В это время четырнадцати-пятнадцатилетний Лермонтов учится в Московском университетском благородном пансионе и впервые сталкивается с московской литературной средой. В его стихах 1828–1829 годов слышатся отзвуки литературных проблем, занимавших любомудров, и — что для нас еще важнее — замечаются следы знакомства с литературным бытом столицы. Нам предстоит присмотреться именно к этим его стихам, и прежде всего к «Романсу» («Коварной жизнью недовольный», 1829), в котором Б. М. Эйхенбаум еще в 1936 году совершенно справедливо заподозрил отклик на реальные события, имевшие место в кружке любомудров.
2
Среди стихов раннего Лермонтова, чаще всего интимно-лирических и имеющих литературное происхождение, «Романс» («Коварной жизнью недовольный…») выделяется конкретностью реалий. В нем идет речь об «изгнаннике самовольном», покидающем Москву для «Италии златой» и прощающемся с друзьями, мирными досугами за бокалом вина, «московскими девами» и в особенности с одной из них, к которой он обращает прощальную речь, уверяя ее в своей вечной привязанности. Отъезд героя, добровольный внешне, вынужден внутренними причинами: его преследует «коварная жизнь» с ее «низкой клеветой». В стихотворении, таким образом, сплелись какие-то реальные факты с характерно элегическими мотивами или, скорее, первые были обобщены и расширены до последних.
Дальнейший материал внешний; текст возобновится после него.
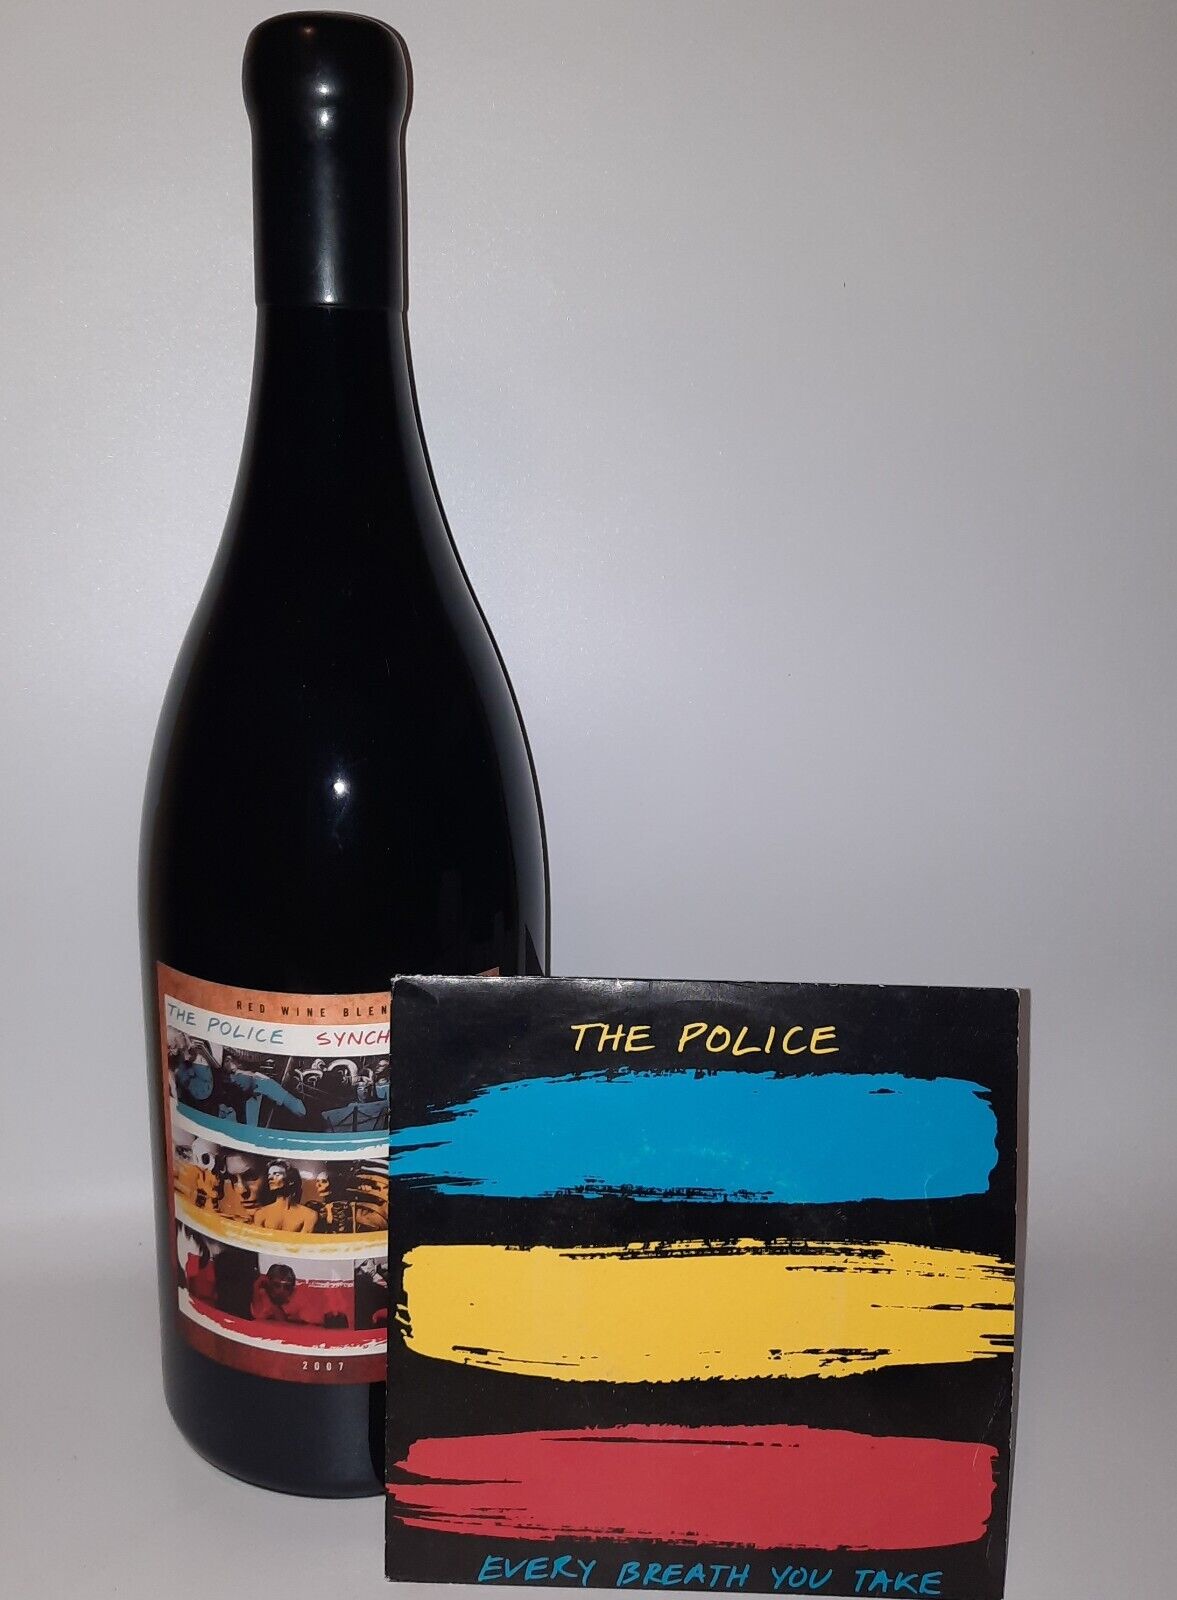 THE POLICE SYNCHRONICITY WINES THAT ROCK EMPTY WINE BOTTLE & 45RPM VINYL RECORD
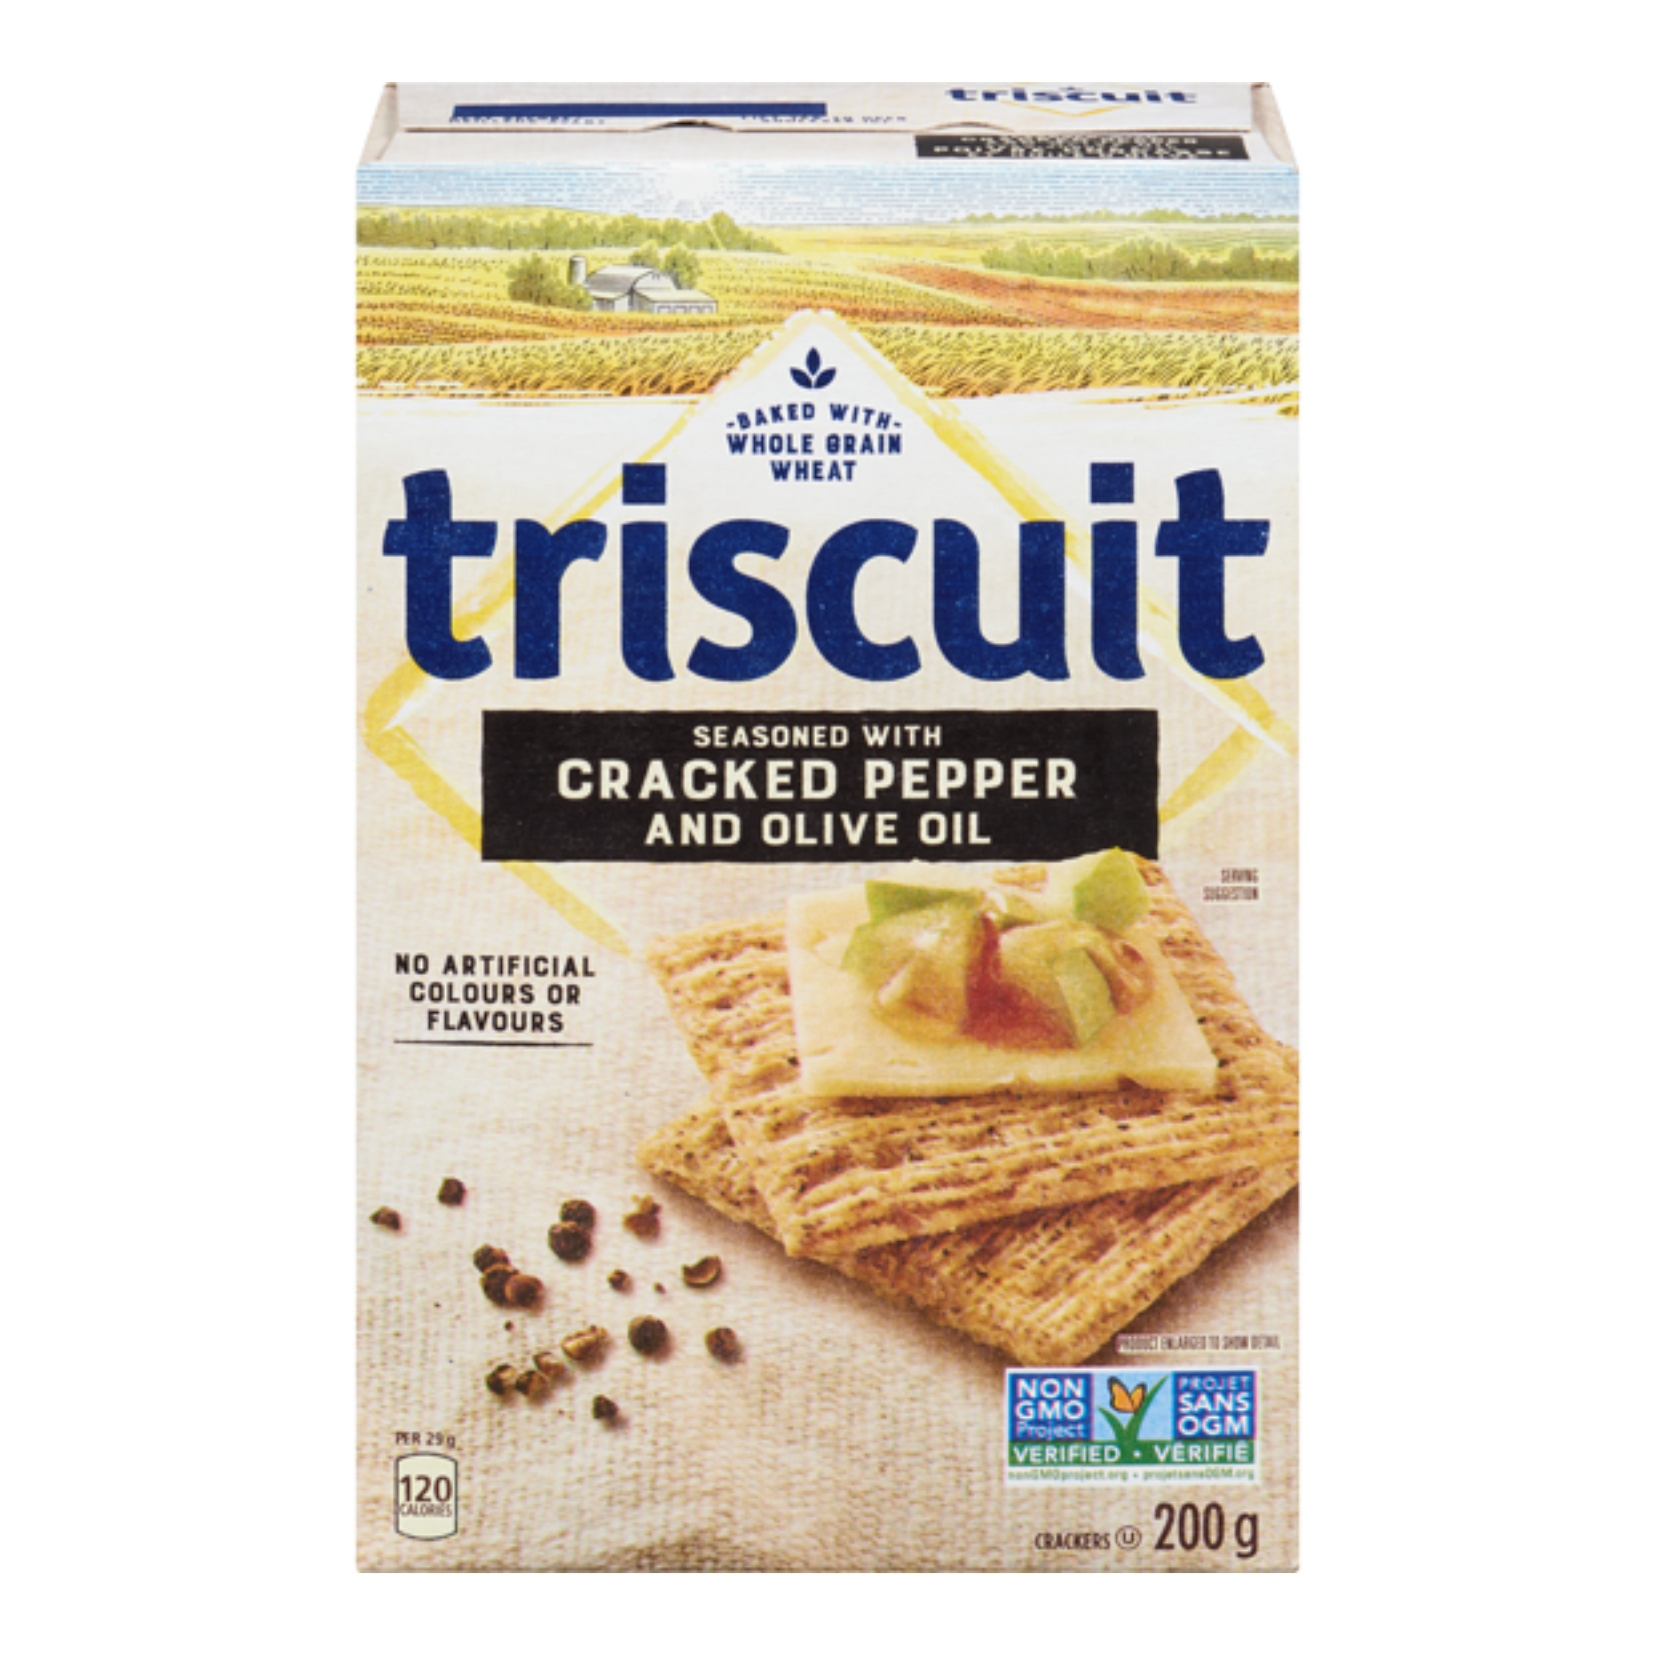 Christie Triscuit Cracked Pepper & Olive Oil Crackers 200g

«Романс» был прокомментирован впервые в 1936 году в собрании сочинений Лермонтова под редакцией Б. М. Эйхенбаума; редактор принял и обосновал высказанную устно догадку И. Л. Андроникова, что в стихотворении речь идет об отъезде в Италию С. П. Шевырева — поэта, эстетика, критика, одного из главных участников хорошо знакомого Лермонтову «Московского вестника». Его экспозицию («Коварной жизнью недовольный, / Обманут низкой клеветой, / Летел изгнанник самовольный / В страну Италии златой») комментатор связал с полемикой, начатой Шевыревым против Булгарина в 1828 году. «В ответ на его (Шевырева. — В.В.) резкий отзыв о „Северной пчеле“ на него напал Булгарин, имевший тогда большое влияние. Это нападение вызвало некоторую панику и раскол внутри редакции „Московского вестника“: перепуганный Погодин считал выступление Шевырева ошибкой, и его положение в редакции пошатнулось. В связи с этим друзья Шевырева посоветовали ему воспользоваться предложением Кн. З. А. Волконской и ехать с нею в Рим в качестве воспитателя ее сына»[5]. Такая исходная ситуация подготавливает последующий монолог «изгнанника», с упоминанием возлюбленной. Здесь Б. М. Эйхенбаум обращает внимание на письмо к Шевыреву В. П. Титова, намекавшего на какую-то его петербургскую привязанность: «…твою приятельницу т-11е N. etc., — писал Титов, — я уверял, что ты не мог забыть Питера и желаешь ехать в чужие края, чтобы иметь случай хоть мимоходом видеть ее еще раз»[6]. Исследователь предполагал, что этой приятельницей могла быть А. И. Лаваль, адресат стихотворения Шевырева «Партизанке классицизма» (1829).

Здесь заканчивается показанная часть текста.